TASK TO COMPLETE:
The pictures in the listing below are to be skipped, while the lines between the line holding "Best ideas about" and the line holding "Seashells Hideaway Shower Curtains - ZumBuys", inclusive, are to be output exactly.

------ MATERIAL FOR THE TASK ------

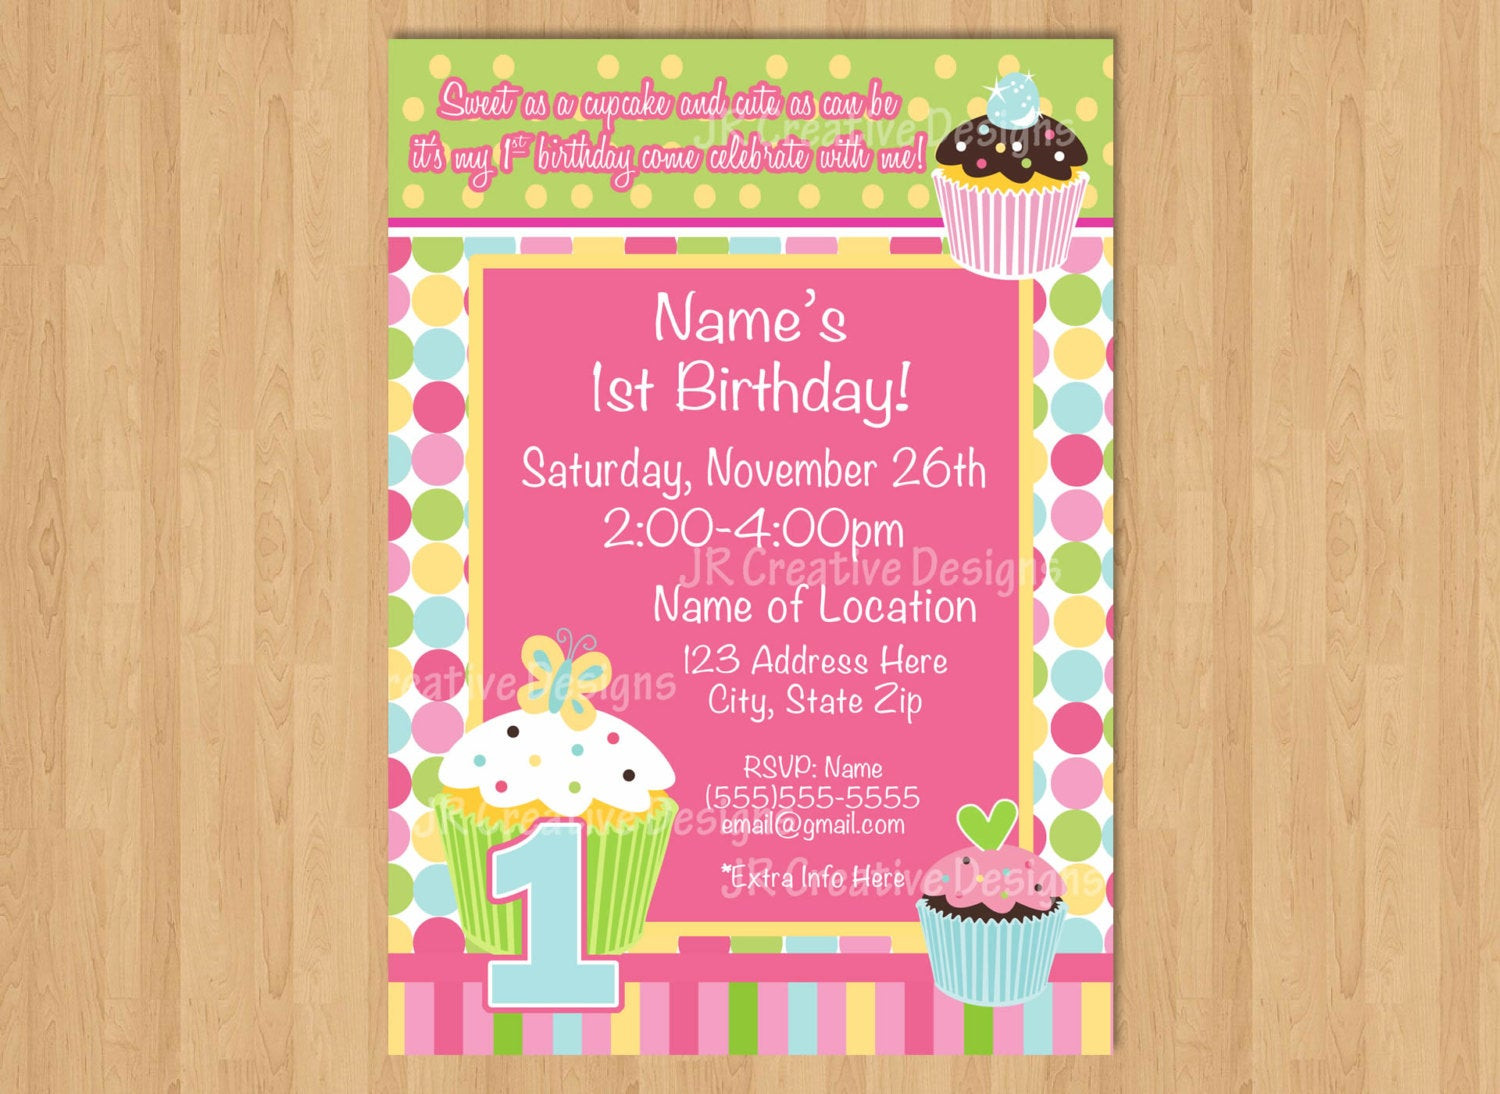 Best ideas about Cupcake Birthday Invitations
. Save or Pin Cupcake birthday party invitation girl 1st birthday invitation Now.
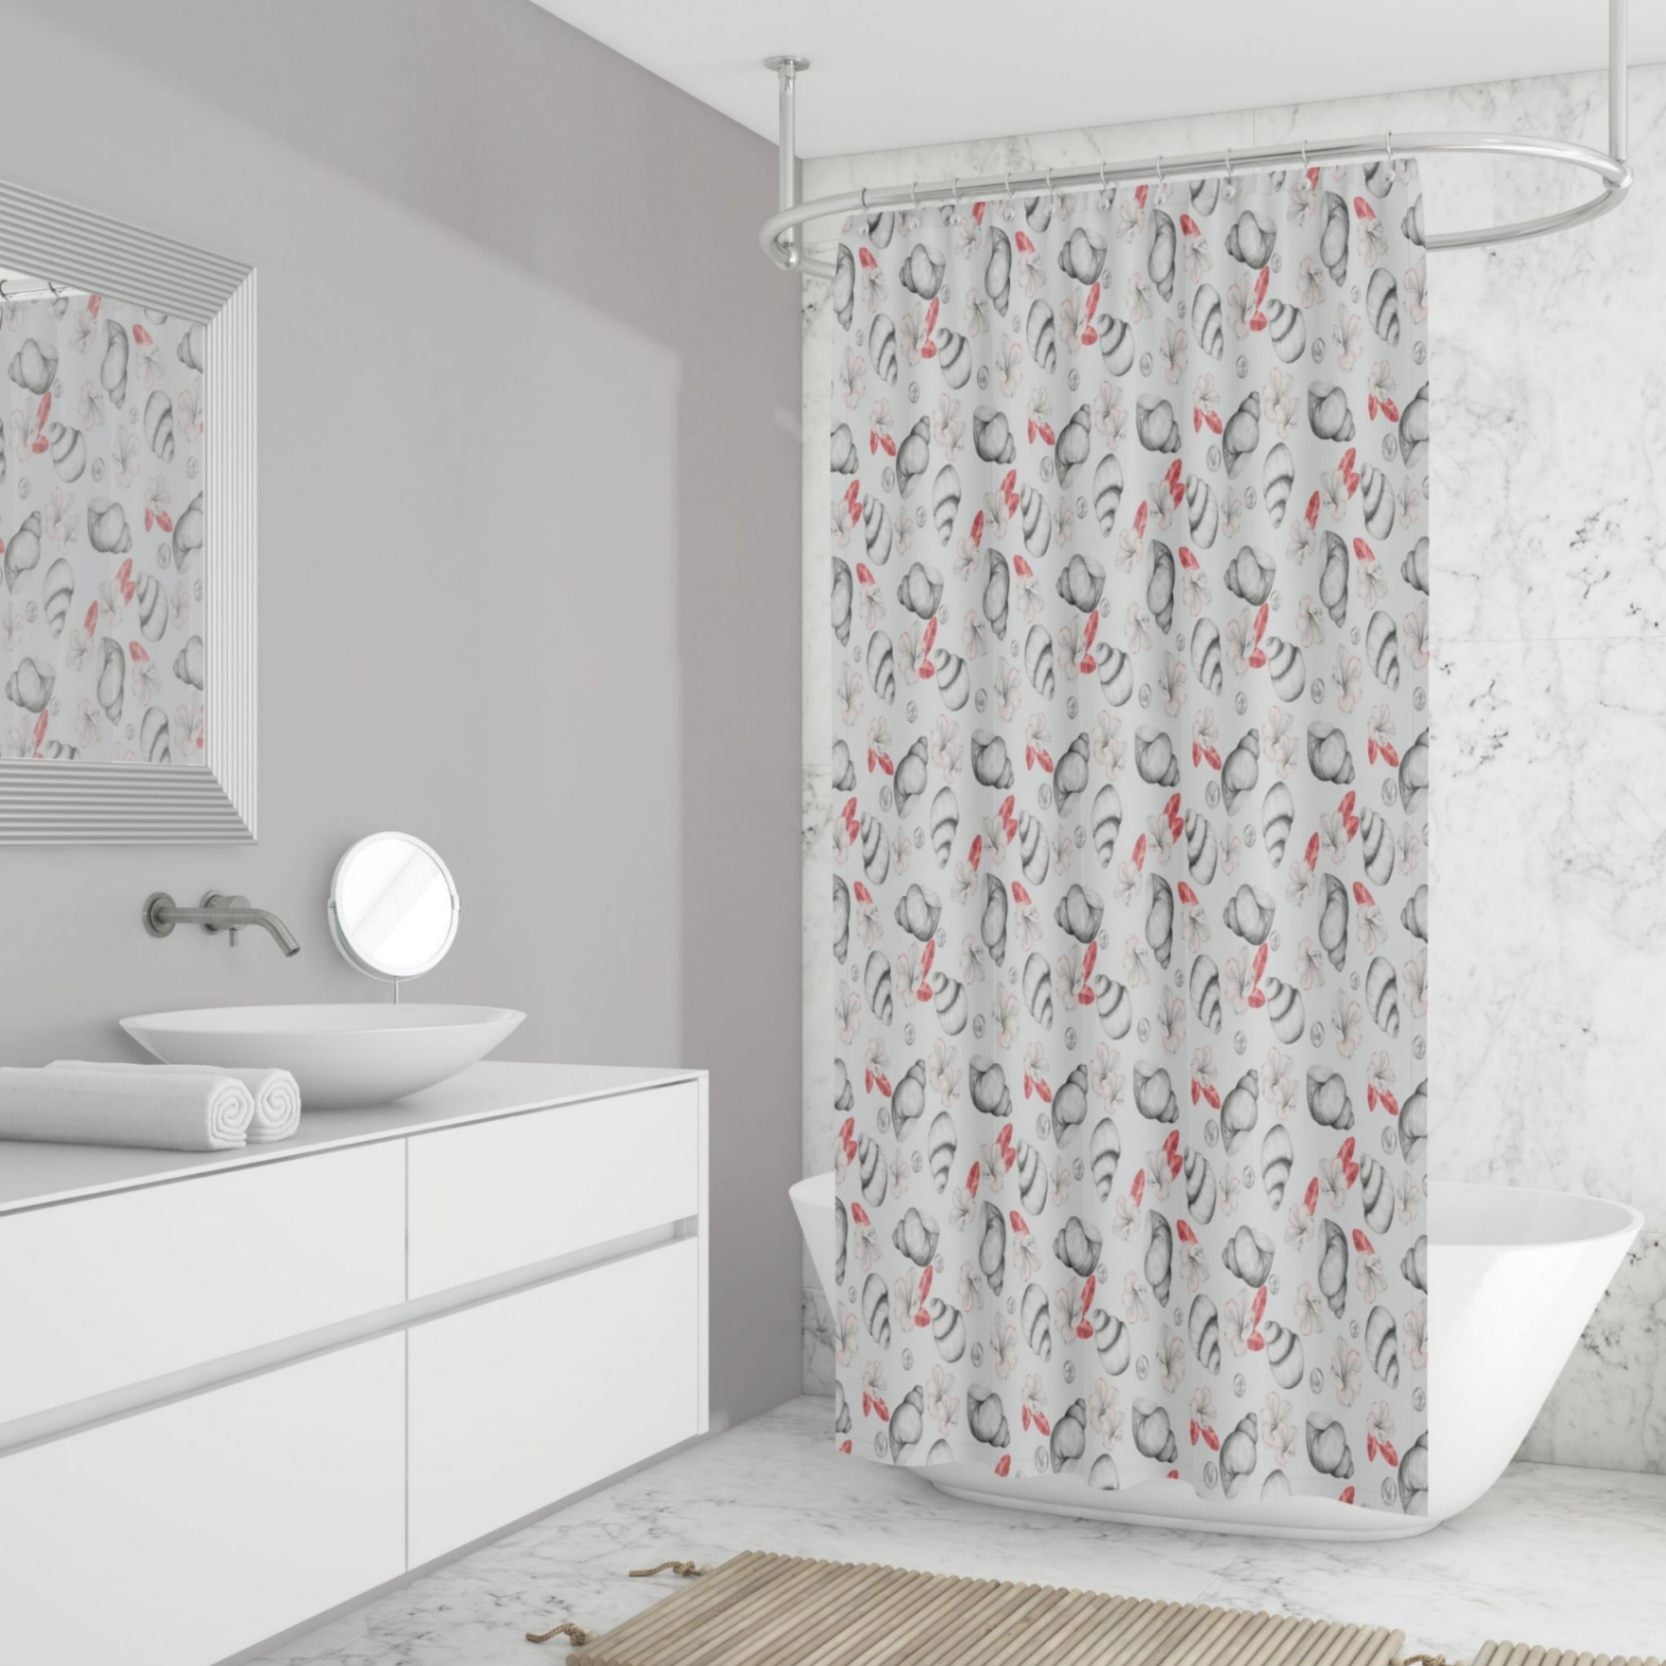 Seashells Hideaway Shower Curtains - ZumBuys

------
------ MATERIAL FOR THE TASK ------

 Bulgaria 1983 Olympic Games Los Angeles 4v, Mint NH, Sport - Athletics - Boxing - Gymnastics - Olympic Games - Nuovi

------

EXERCISE ANSWER:
 Best ideas about Cupcake Birthday Invitations
. Save or Pin Cupcake birthday party invitation girl 1st birthday invitation Now.
 Seashells Hideaway Shower Curtains - ZumBuys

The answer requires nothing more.